Across all studies included in this review, effectiveness and safety data were only available for treatments administered in the 2 L setting after 1 L CDK4/6i treatment. No studies were identified that reported outcomes for patients treated in the third-line setting or beyond after 1 L CDK4/6i treatment. All 18 studies reported effectiveness outcomes in 2 L, with only two of these studies also describing 2 L safety outcomes. The distribution of outcomes reported in these studies is provided in Table S4 . Studies varied in their reporting of outcomes for 2 L treatments; some studies reported outcomes for a group of 2 L treatments while others described independent outcomes for specific 2 L treatments (i.e., everolimus, fulvestrant, or chemotherapy agents such as eribulin mesylate) [ 42 , 45 , 50 , 54 , 55 ]. Due to the heterogeneity in treatment classes reported in these studies, this data was categorized (as described below) to align with the guidelines provided by NCCN and ESMO [ 15 , 16 ]. The treatment class categorizations for the purpose of this review are: single-agent ET (patients who exclusively received a single-agent ET after 1 L CDK4/6i treatment), mTORi ± ET (patients who exclusively received an mTORi with or without ET after 1 L CDK4/6i treatment), mix of ET and/or mTORi (patients who may have received only ET, only mTORi, and/or both treatments but the studies in this group lacked sufficient information to categorize these patients in the “single-agent ET” or “mTOR ± ET” categories), and chemotherapy (patients who exclusively received chemotherapy after 1 L CDK4/6i treatment). Despite ESMO and NCCN guidelines indicating that limited evidence exists to support rechallenge with CDK4/6i after 1 L CDK4/6i treatment [ 15 , 16 ], two studies reported outcomes for this treatment approach. Data for such patients were categorized as “ CDK4/6i ± ET ” as it was unclear how many patients receiving CDK4/6i rechallenge received concurrent ET. All other patient groups that lacked sufficient information or did not report outcome/safety data independently (i.e., grouped patients with mixed treatments) to categorize as one of the treatment classes described above were grouped as “ other ”.

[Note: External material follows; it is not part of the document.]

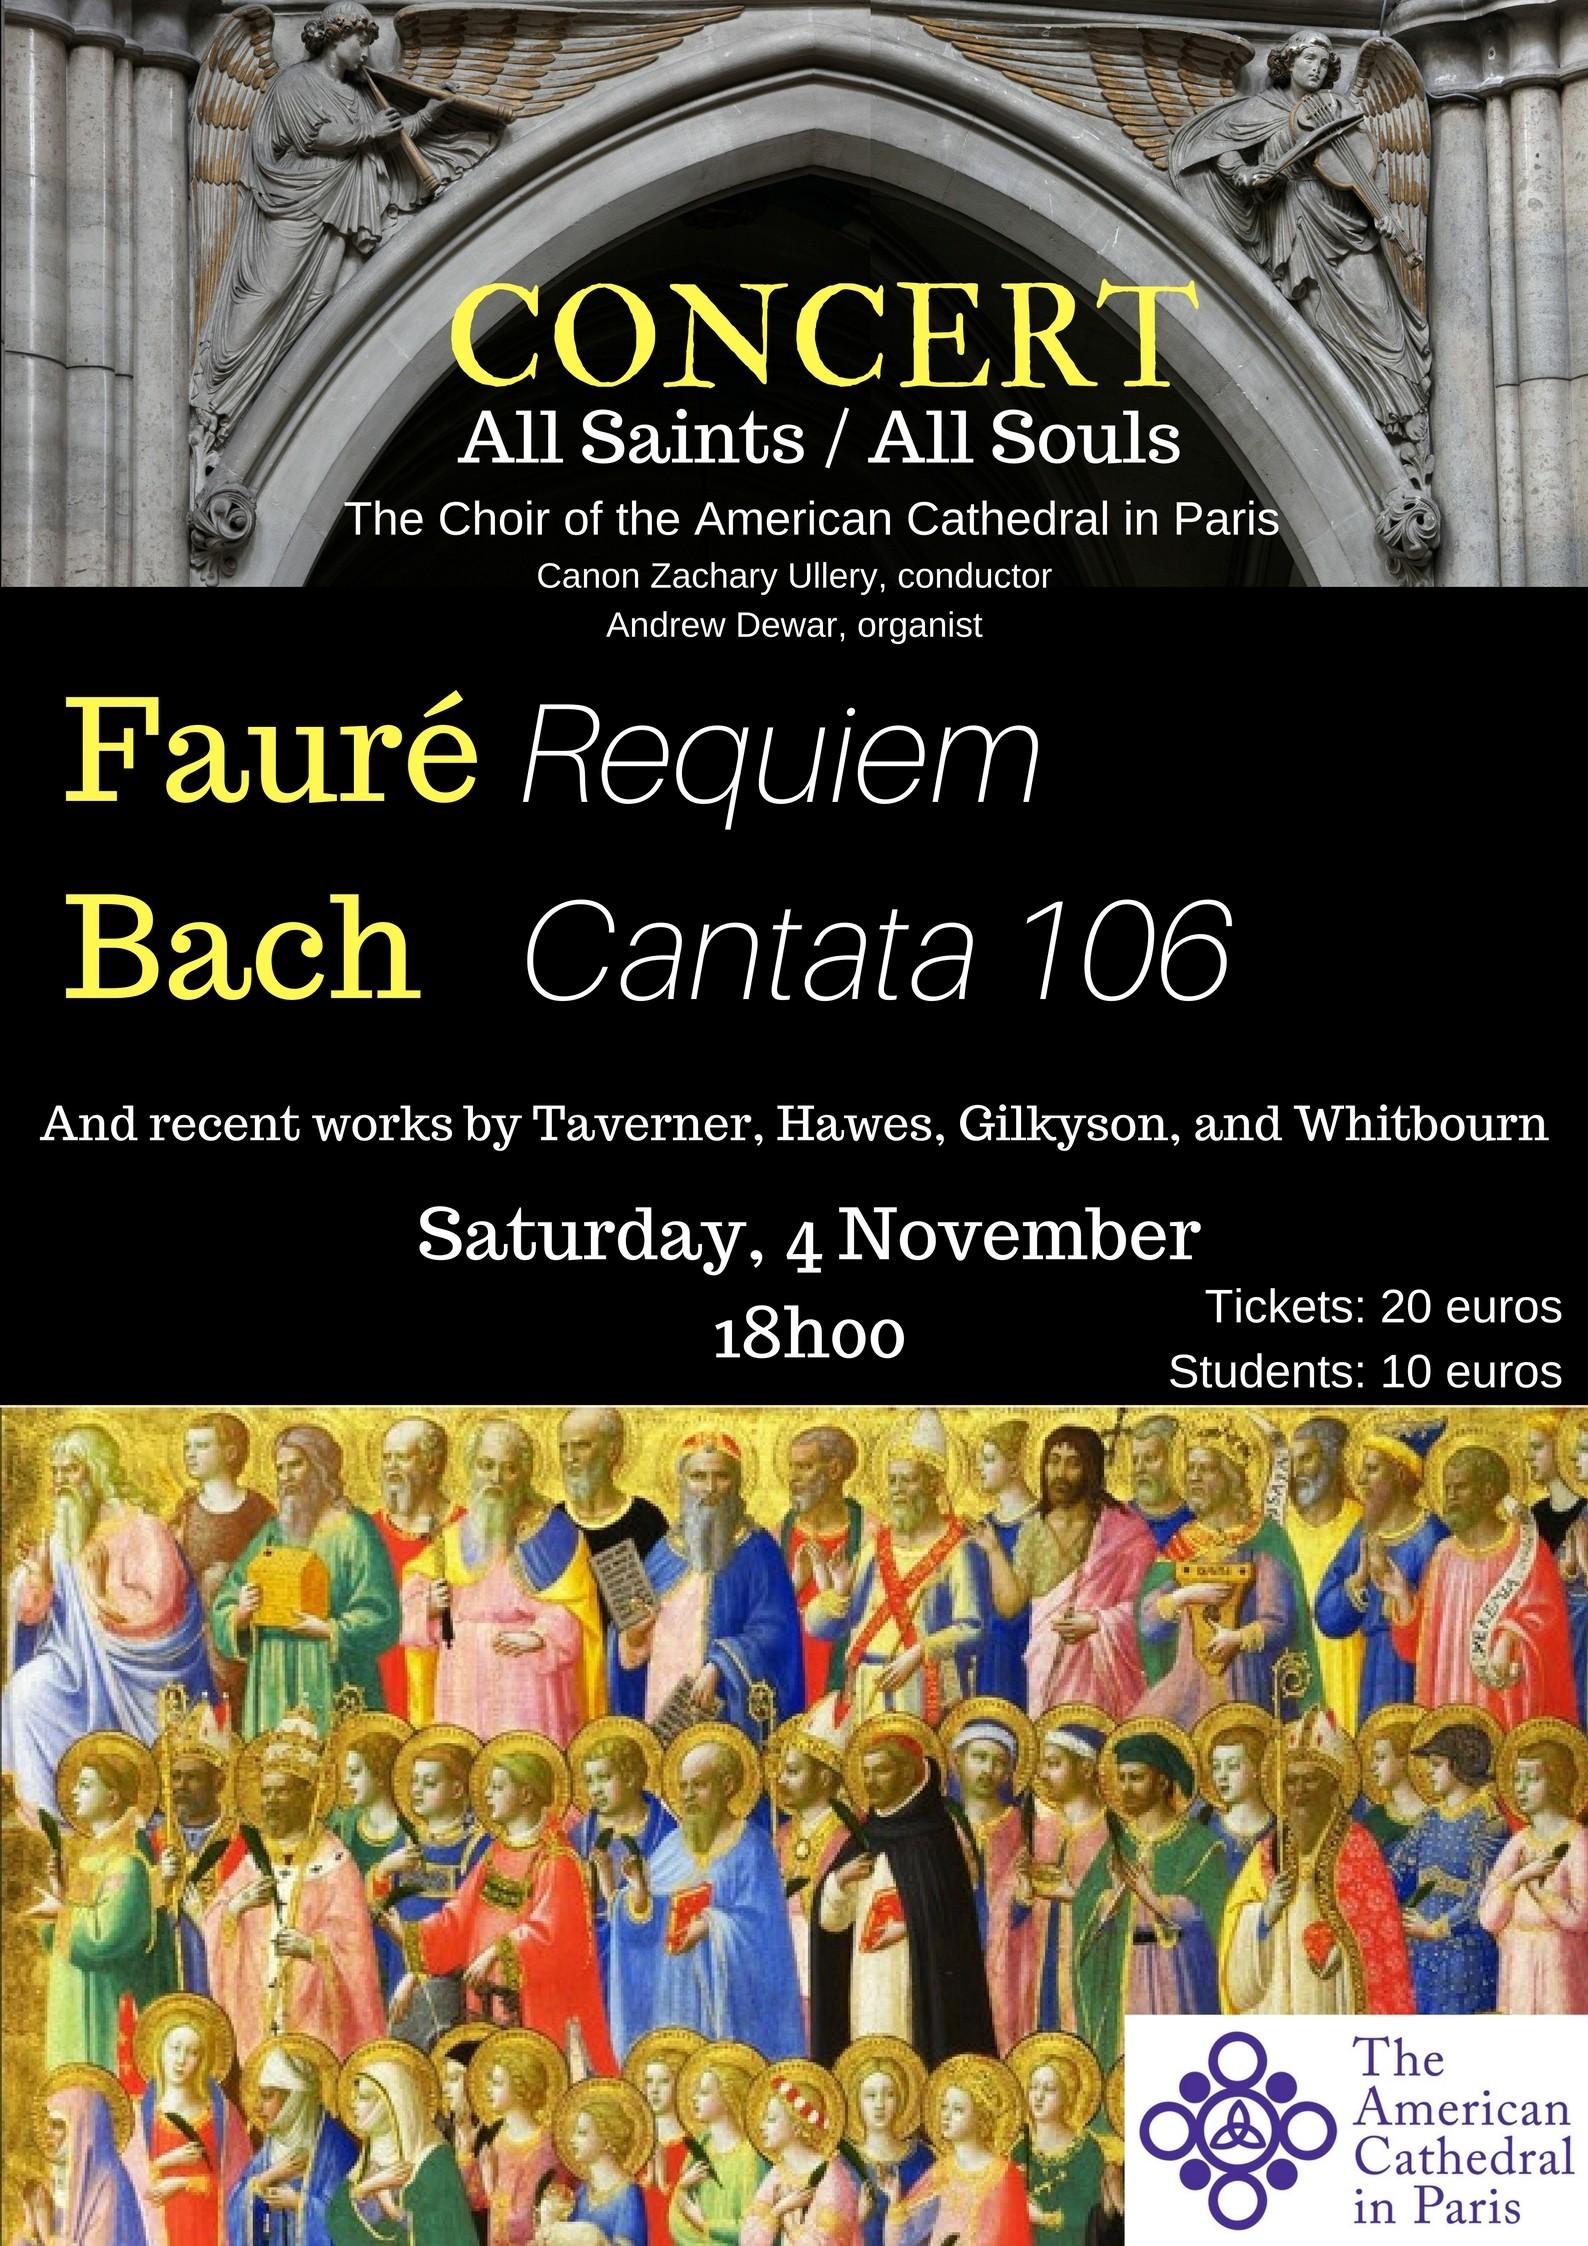 Fauré Requiem andBach Cantata 106_ Actus Tragicus-3.jpg

The majority of studies reported effectiveness outcomes for endocrine-based therapy after 1 L CDK4/6i treatment; five studies for single-agent ET, six studies for mTORi ± ET, and three studies for a mix of ET and/or mTORi (Fig.  2 ). Eleven studies reported effectiveness outcomes for chemotherapy after 1 L CDK4/6i treatment, and only two studies reported effectiveness outcomes for CDK4/6i rechallenge ± ET. Eight studies that described effectiveness outcomes were grouped into the “other” category. Safety data was only reported in two studies: one study evaluating the chemotherapy agent eribulin mesylate and one evaluating the mTORi everolimus.

Effectiveness outcomes

Real-world progression-free survival

Median rwPFS was described in 13 studies (Tables  2 and Table S5 ). Across the 13 studies, the median rwPFS ranged from 2.5 months [ 49 ] to 17.3 months [ 39 ]. Out of the 13 studies reporting median rwPFS, 10 studies reported median rwPFS for a 2 L treatment recommended by ESMO and NCCN guidelines, which ranged from 2.5 months [ 49 ] to 9.7 months [ 45 ].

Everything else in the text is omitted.